Leiche nach Buchvorlage

NUMMER 25

Autor: Frank Kodiak

Sparte: Thriller

Verlag: Knaur

Anzahl Seiten: 383 Seiten

 

Frank Kodiak, ein neuer Stern auf dem Thriller-Himmel? Nein, hier handelt es sich um ein Pseudonym hinter dem sich Andreas Winkelmann versteckt. Und dieser Name steht ja schon eine Weile für wirklich gute und spannende Thriller.

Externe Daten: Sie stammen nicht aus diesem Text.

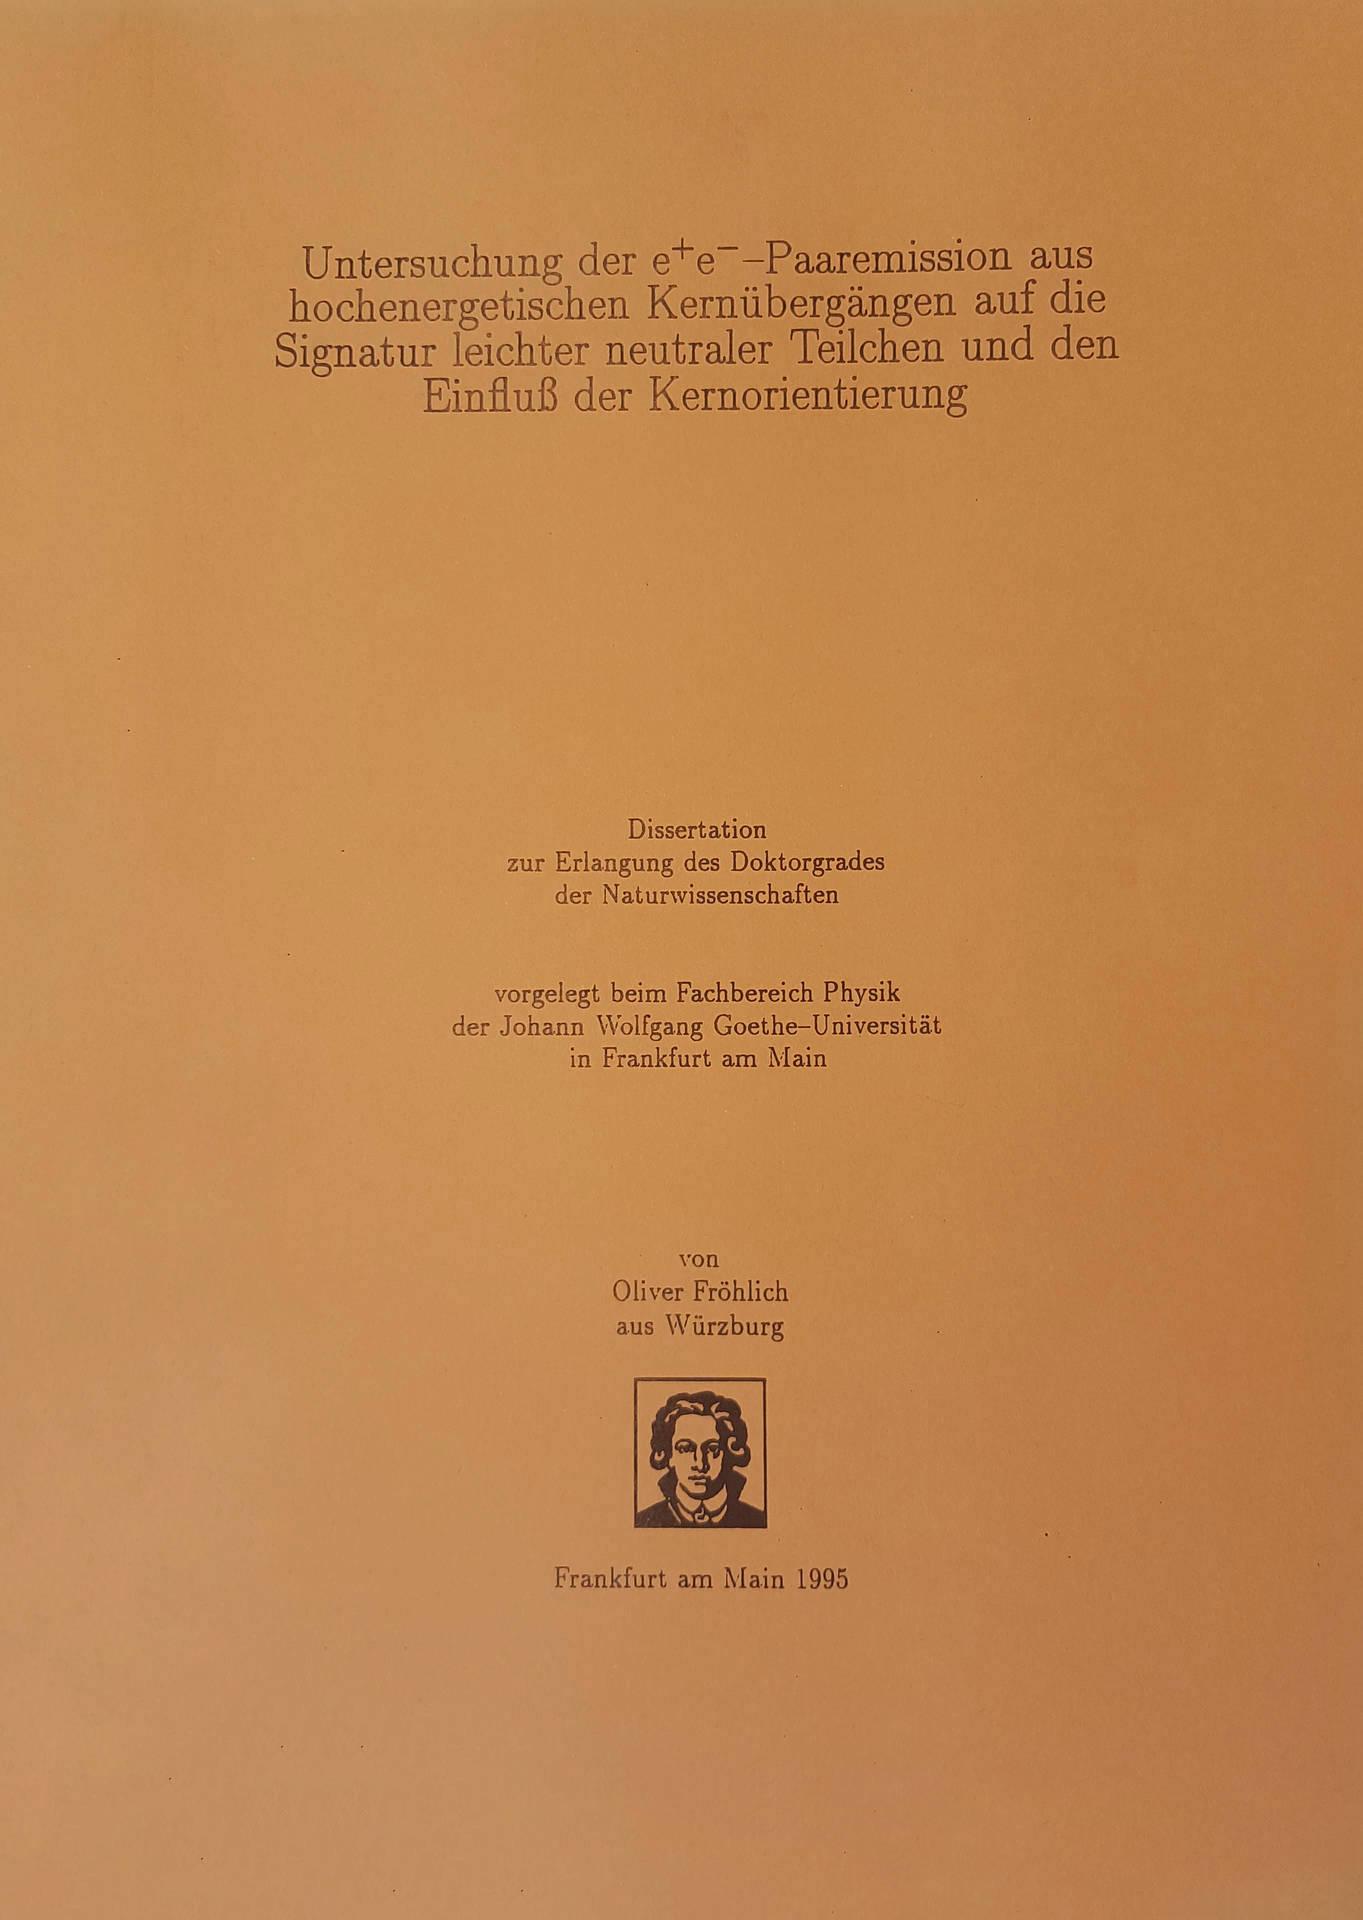 Die Doktorarbeit von Oliver Fröhlich aus dem Jahr 1995 ist bis heute Pflichtlektüre für X17-Jäger.

Andreas Zordan, Schriftsteller, behauptet von sich, er sei ein Psychopath und wenn er seine Lust am Töten nicht in seinen Büchern ausleben würde, würde er es in der Realität machen. Soweit so gut. Handelt es sich hier nur um einen geschickten PR Gag, damit sich seine Bücher besser verkaufen, oder steckt mehr dahinter? Die junge Journalistin Greta wird zu ihm geschickt um aus dem pressefeindlichen Zordan ein Interview raus zu kitzeln. Sie erwischt einen unguten Moment, denn Zordan hat kurz zuvor eine Leiche in seinem Garten entdeckt, die nach dem Vorbild eines seiner Bücher getötet wurde. Der Mörder nennt sich NUMMER 25. Eine Studie besagt, dass jeder fünfundzwanzigste unter uns ein Soziopath ist. Somit ist der Mörder diese NUMMER 25. Ein Psychoduell zwischen Zordan und dem Mörder beginnt. Zordan will die Polizei (noch) nicht einschalten, da er denkt, er sei sofort der Hauptverdächtige, aber er vertraut sich Greta an. Zu zweit machen sie sich auf die Suche nach NUMMER 25. Und Greta will wissen, ob Andreas wirklich der Psychopath ist, der er zu sein vorgibt.... Aber ist wirklich alles so wie es den Anschein hat?

Frank Kodiak, bleiben wir bei diesem Namen, ist hier ein wirklich guter Thriller gelungen. Spannend und rasant geschrieben, ein wahrer Pageturner. Ein paar blutige und eklige Szenen hat das Buch natürlich auch zu bieten. Man fiebert mit den beiden Protagonisten mit. Und gerade als man denkt, man weiß, wie alles zusammenhängt, kommt eine Wendung, an die man nicht gedacht hätte, die aber irgendwie total logisch ist.

Egal wie sich Andreas Winkelmann nennt und in Zukunft nennen mag, seine Thriller sind wahre Spitzenklasse.